▶ DATASET EXTRACT

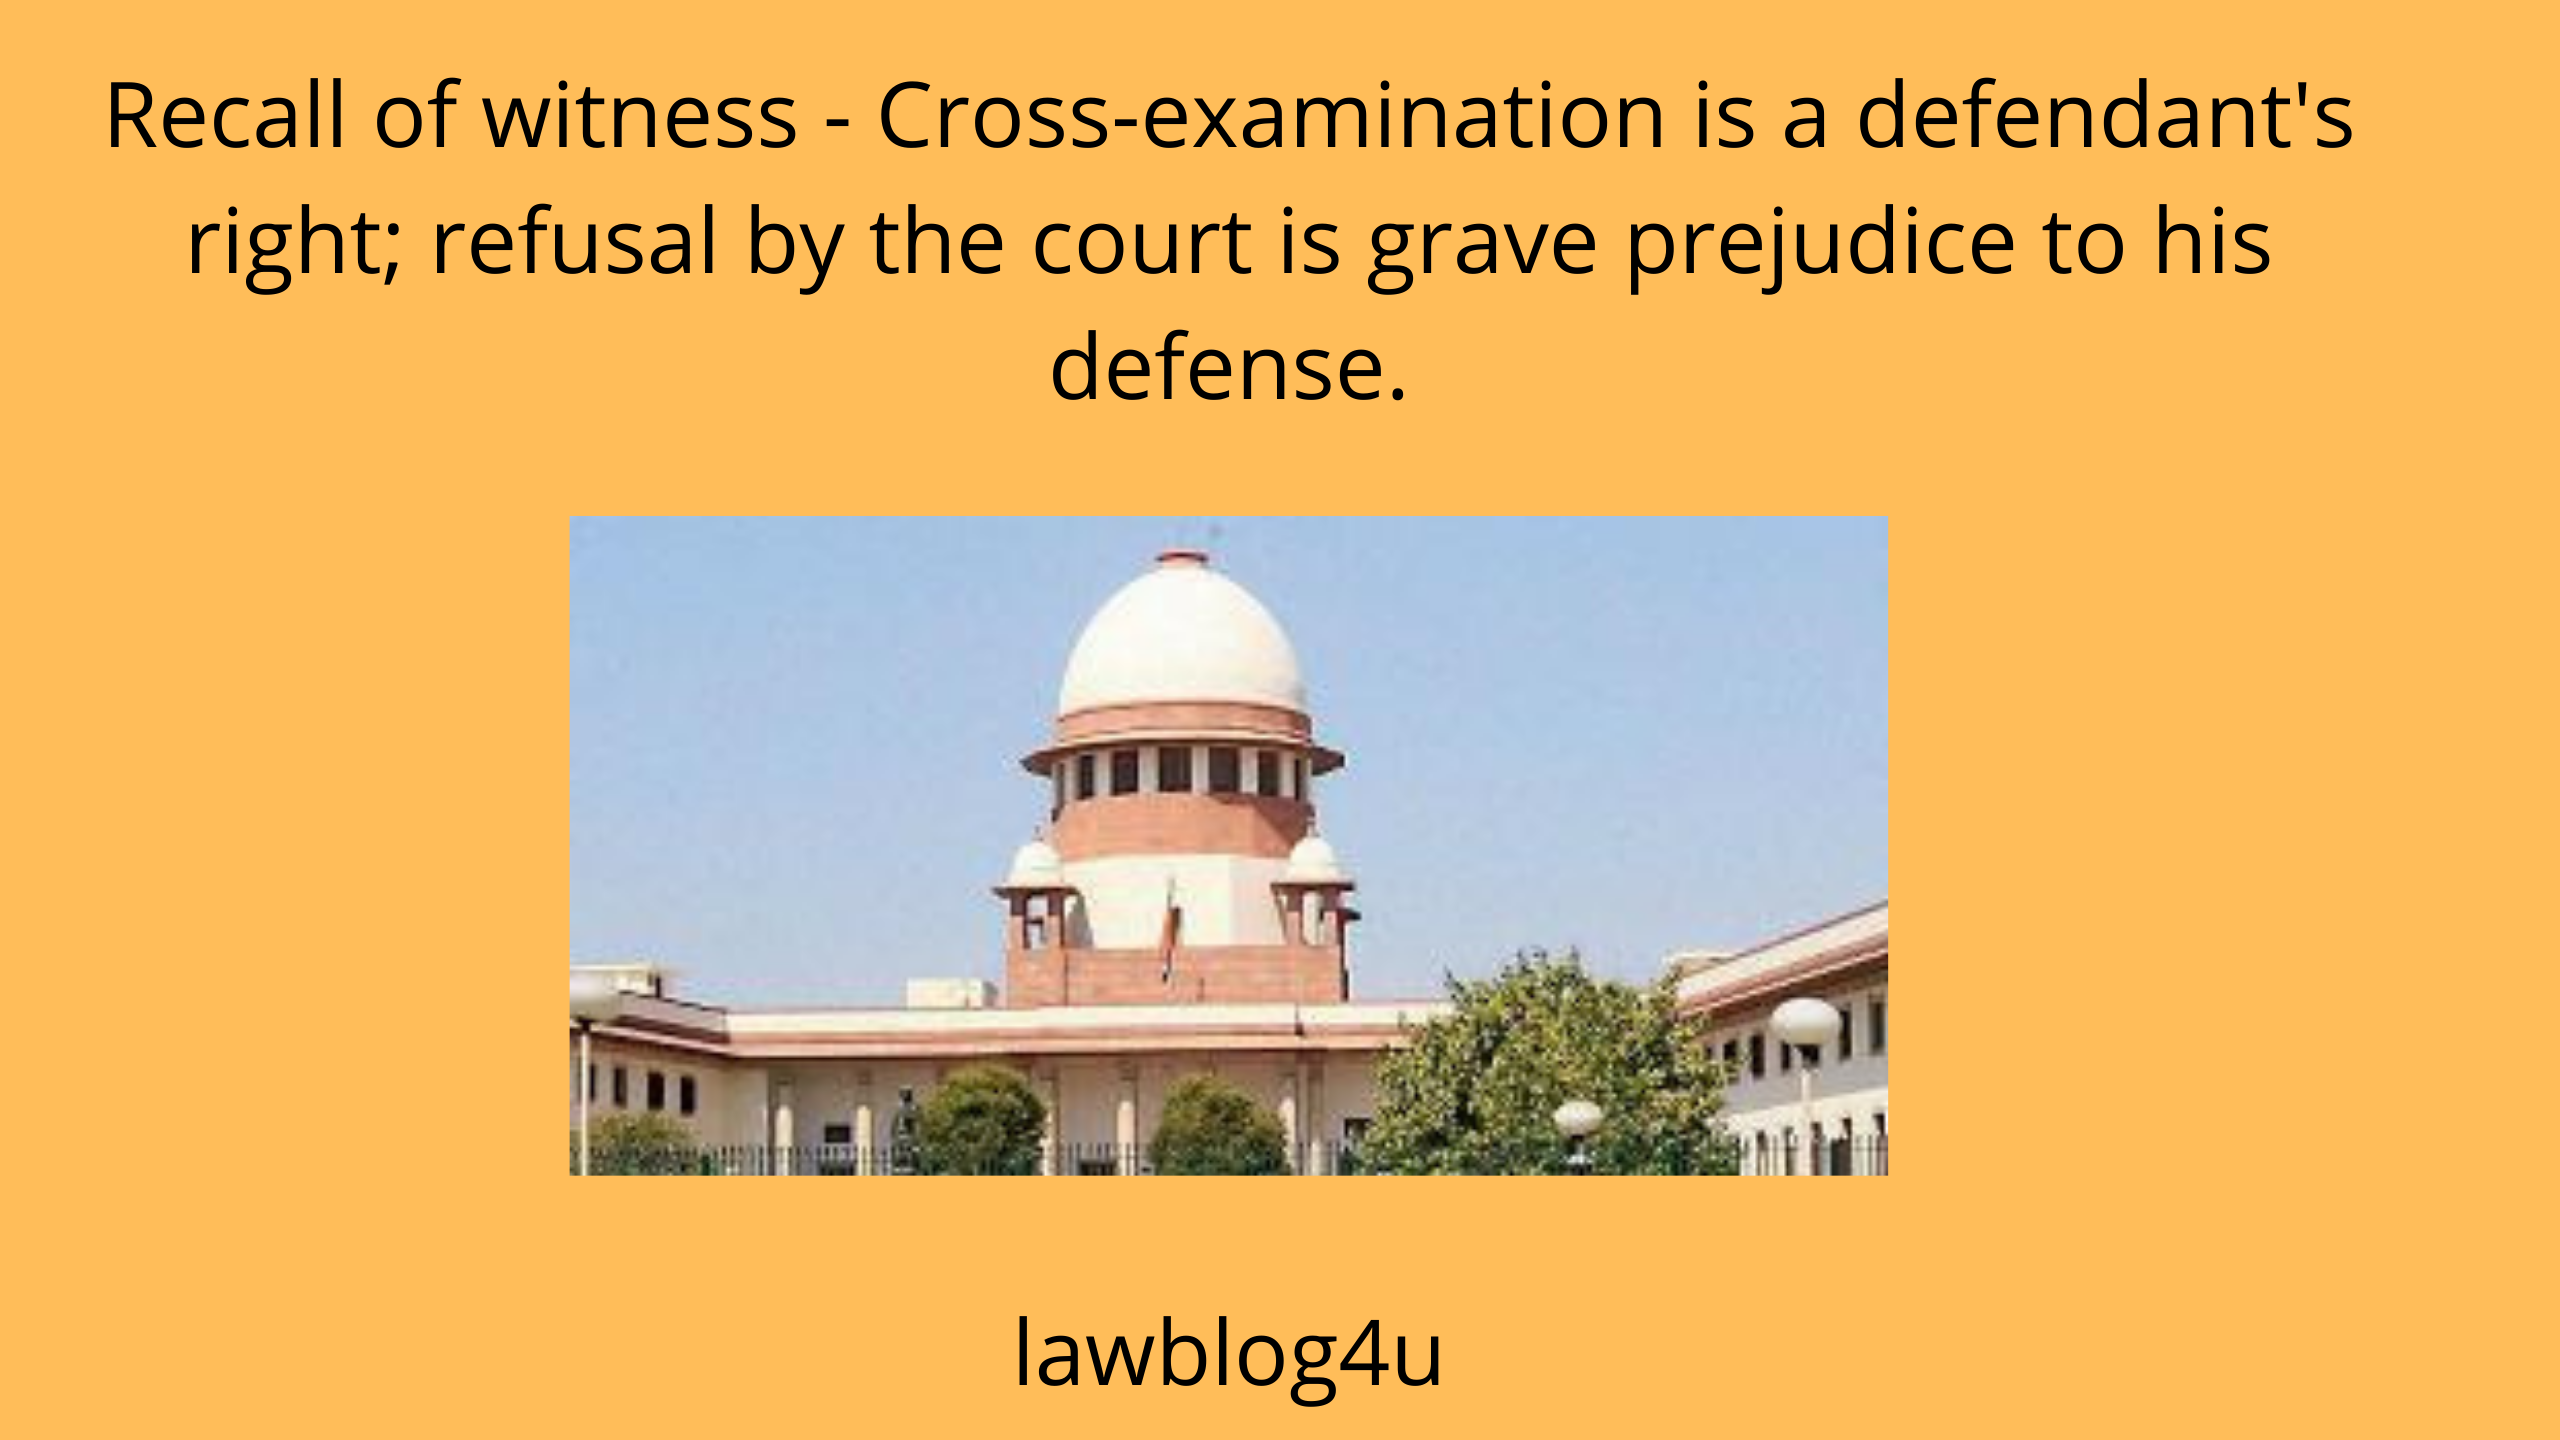 Recall of witness - Cross-examination is a defendant's right; refusal by the court is grave prejudice to his defense.
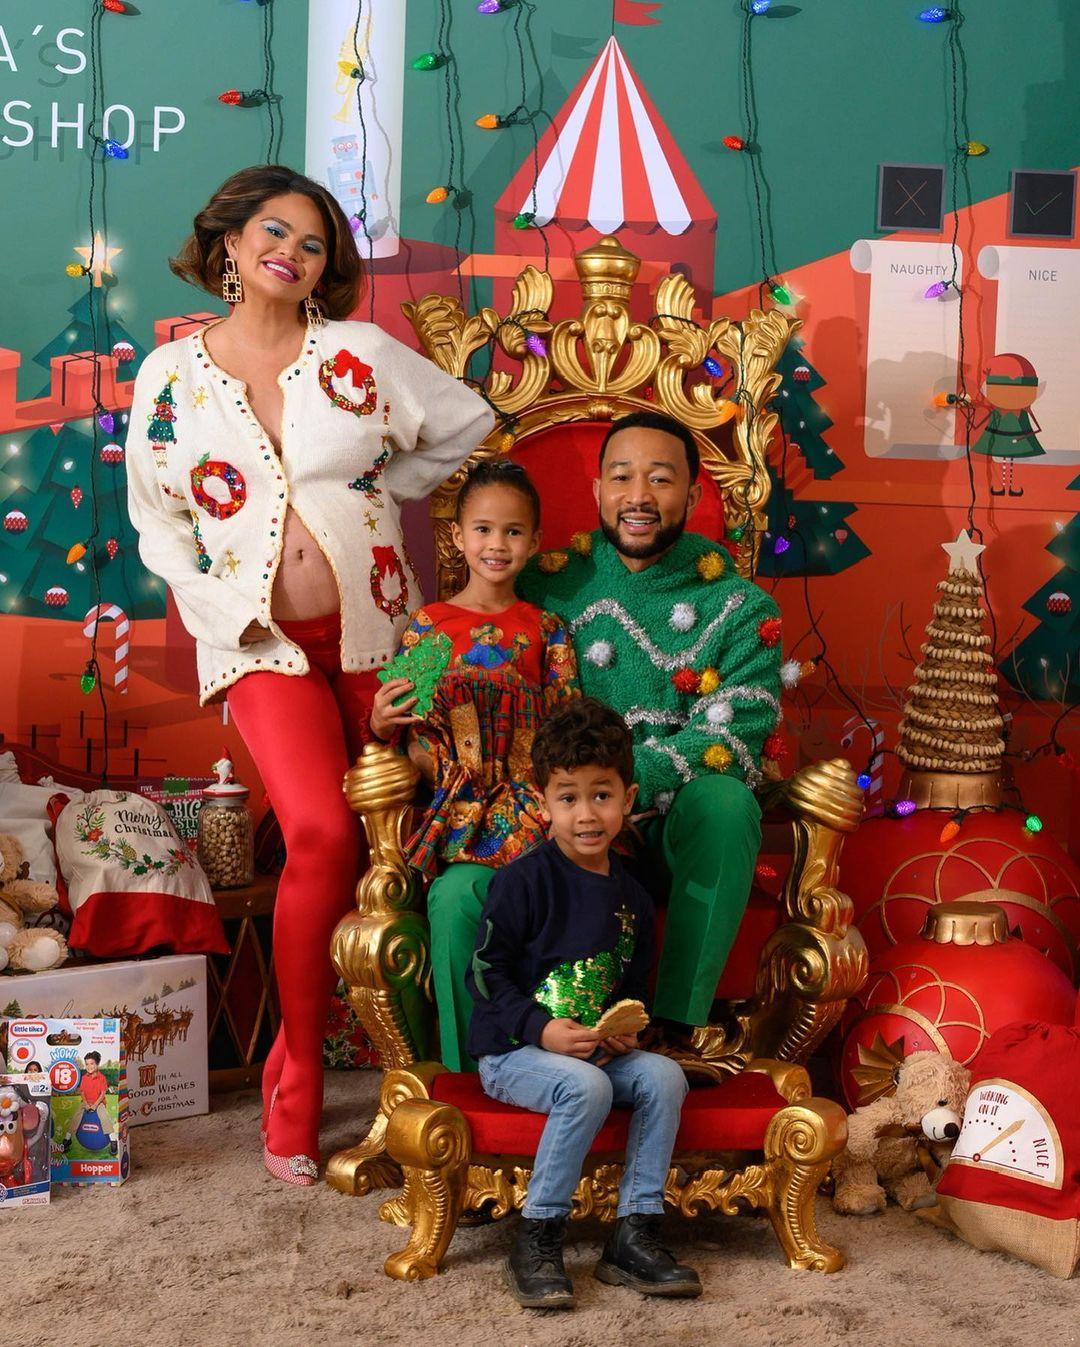 Chrissy Teigen Share Adorable Family Photo From Their Christmas Party
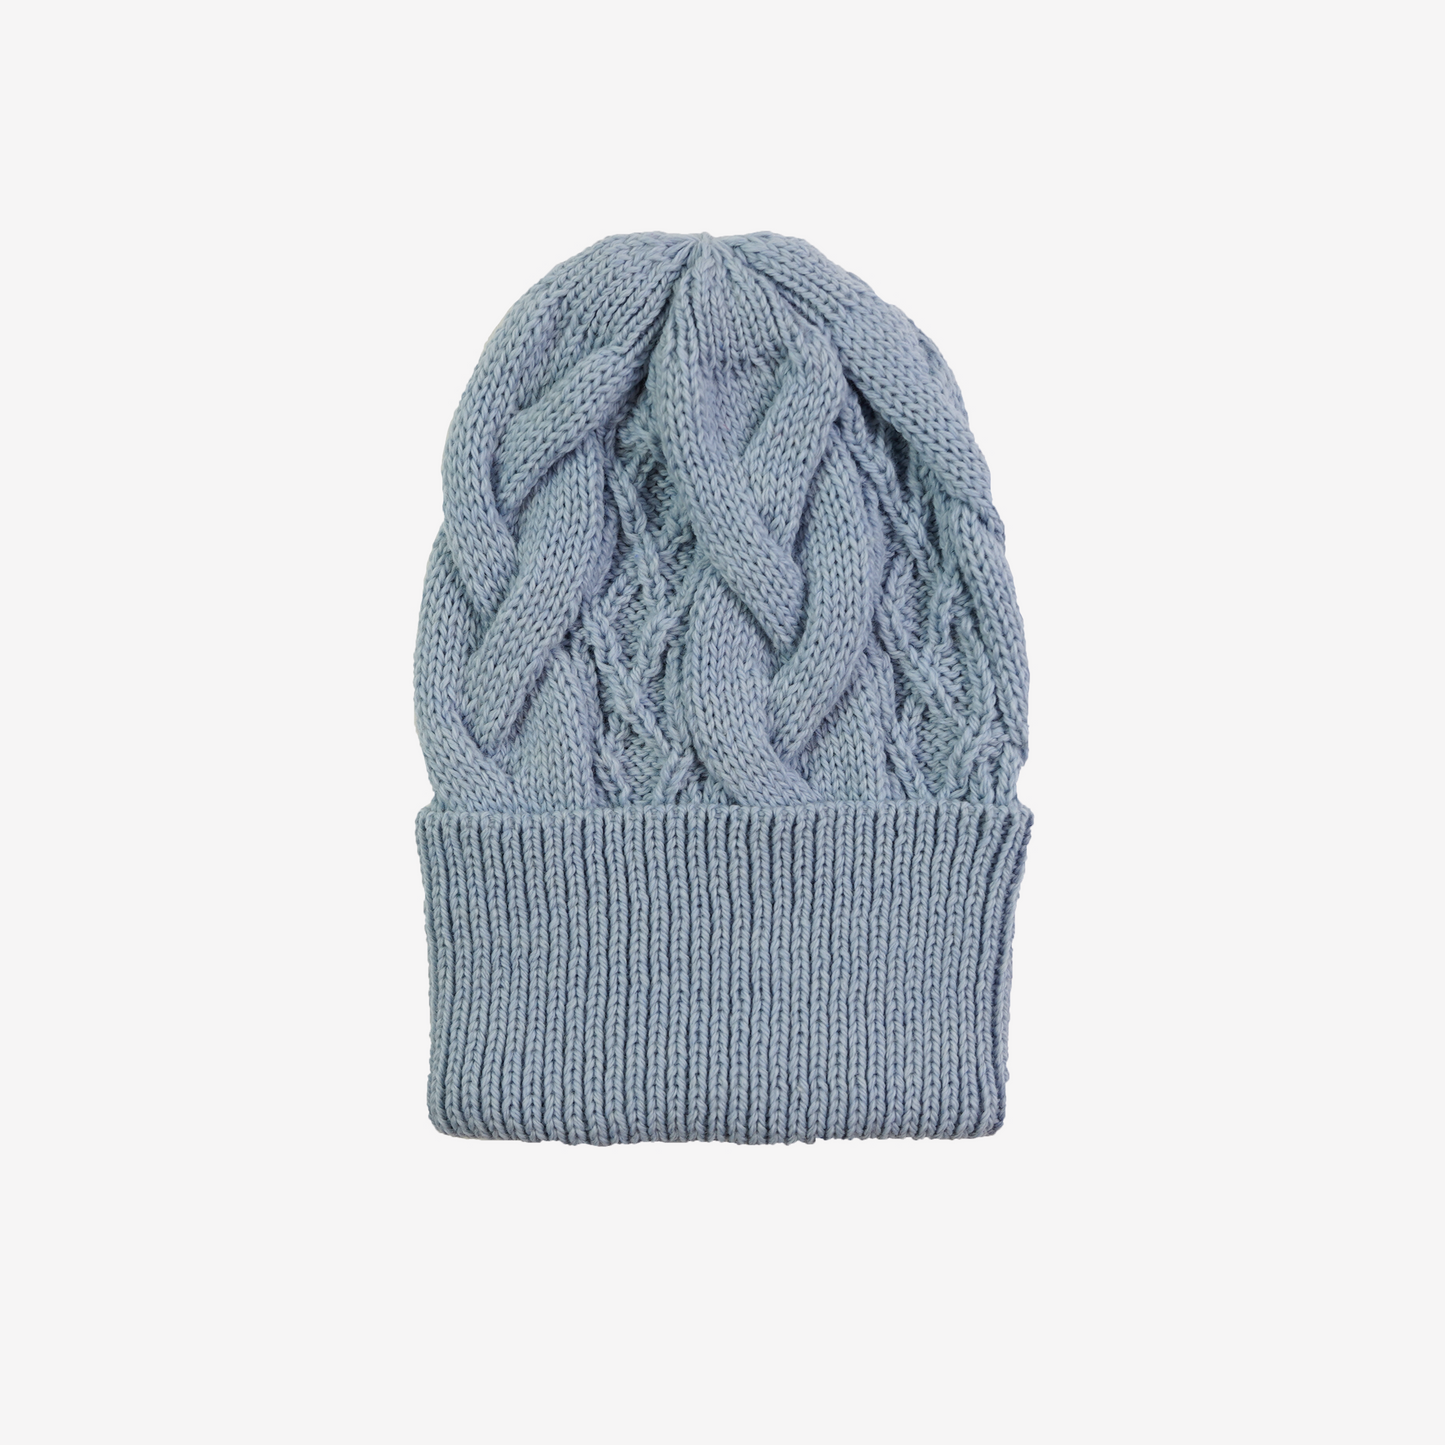 Cable Hat in Light Blue
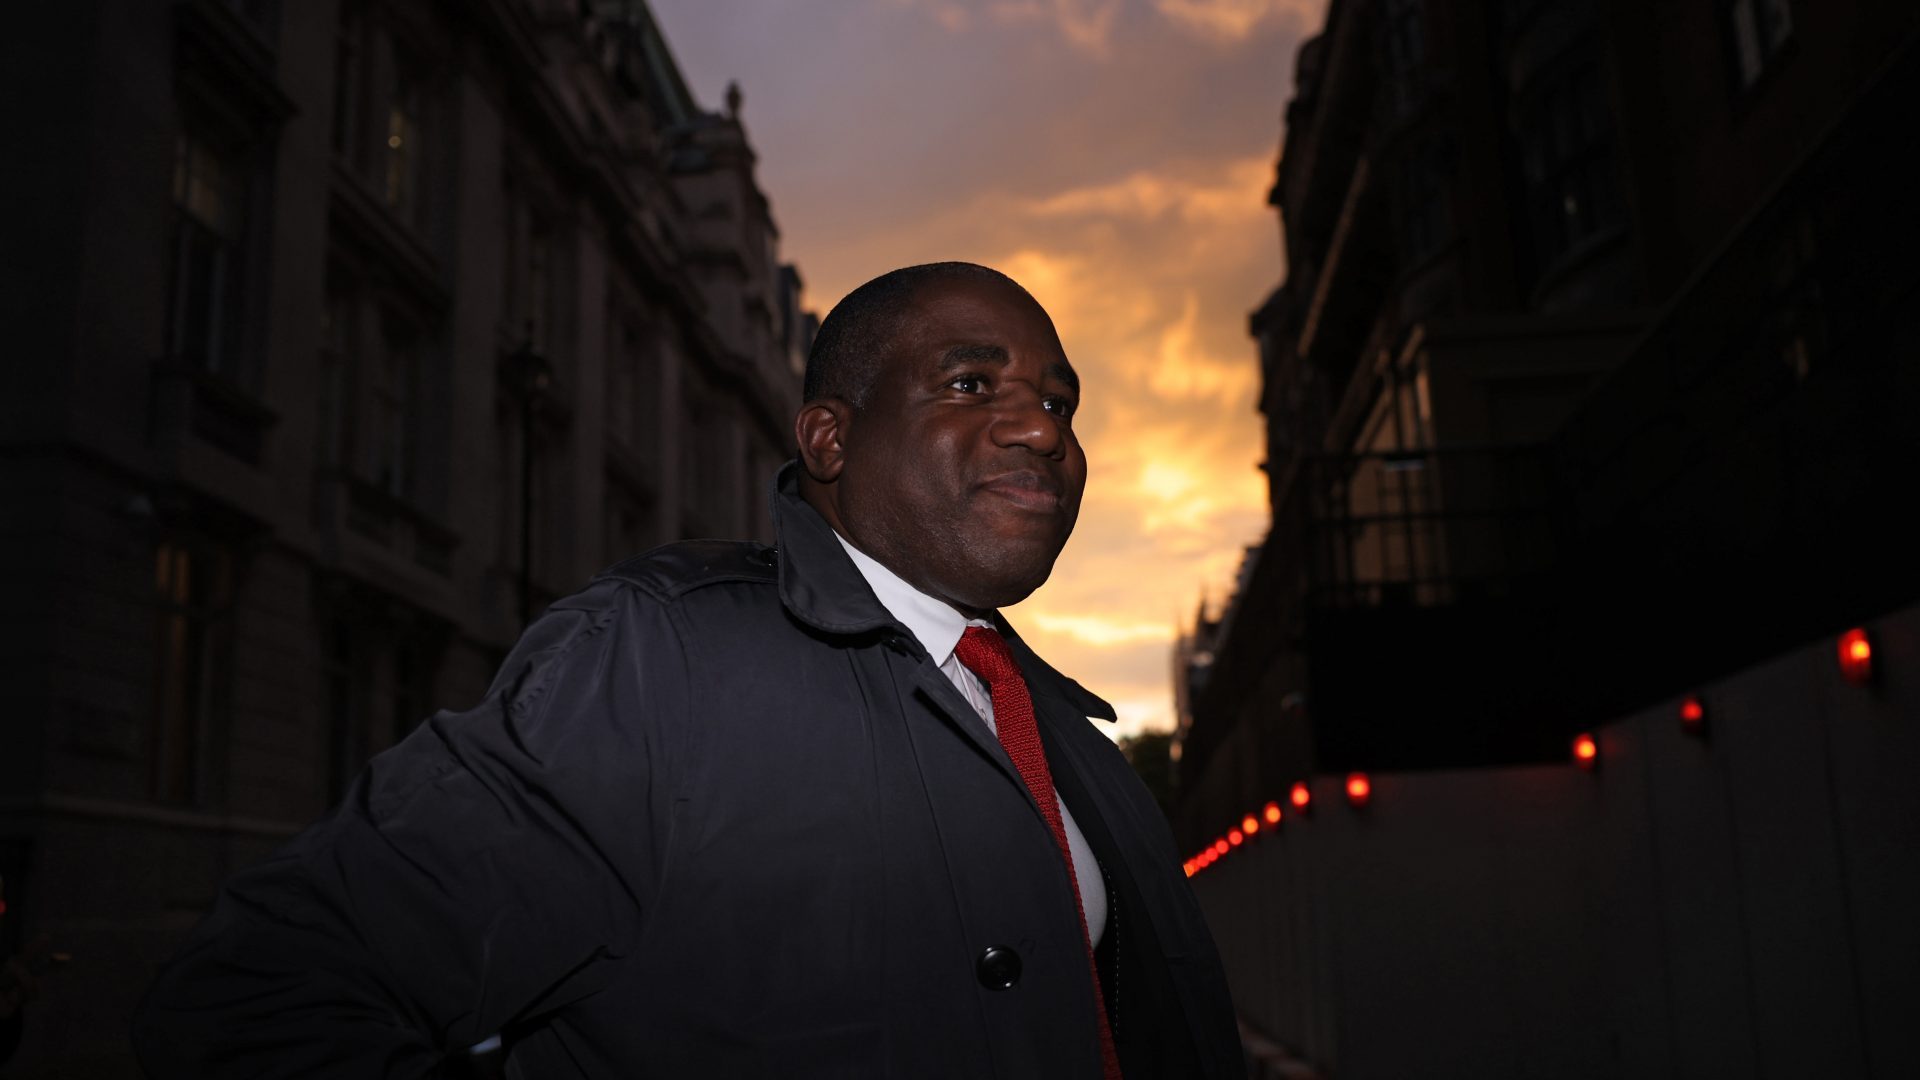 Shadow Foreign Secretary David Lammy leaves Millbank studios, following the resignation of Liz Truss as Prime Minister Of The United Kingdom, on October 20, 2022 in London, England. Photo: Dan Kitwood/Getty Images

▶ EXERCISE REQUIREMENTS
Your answer must be an exact copy of the listing, with every picture omitted.

▶ EXERCISE RESPONSE
 Recall of witness - Cross-examination is a defendant's right; refusal by the court is grave prejudice to his defense.
 Chrissy Teigen Share Adorable Family Photo From Their Christmas Party
 Cable Hat in Light Blue
 Shadow Foreign Secretary David Lammy leaves Millbank studios, following the resignation of Liz Truss as Prime Minister Of The United Kingdom, on October 20, 2022 in London, England. Photo: Dan Kitwood/Getty Images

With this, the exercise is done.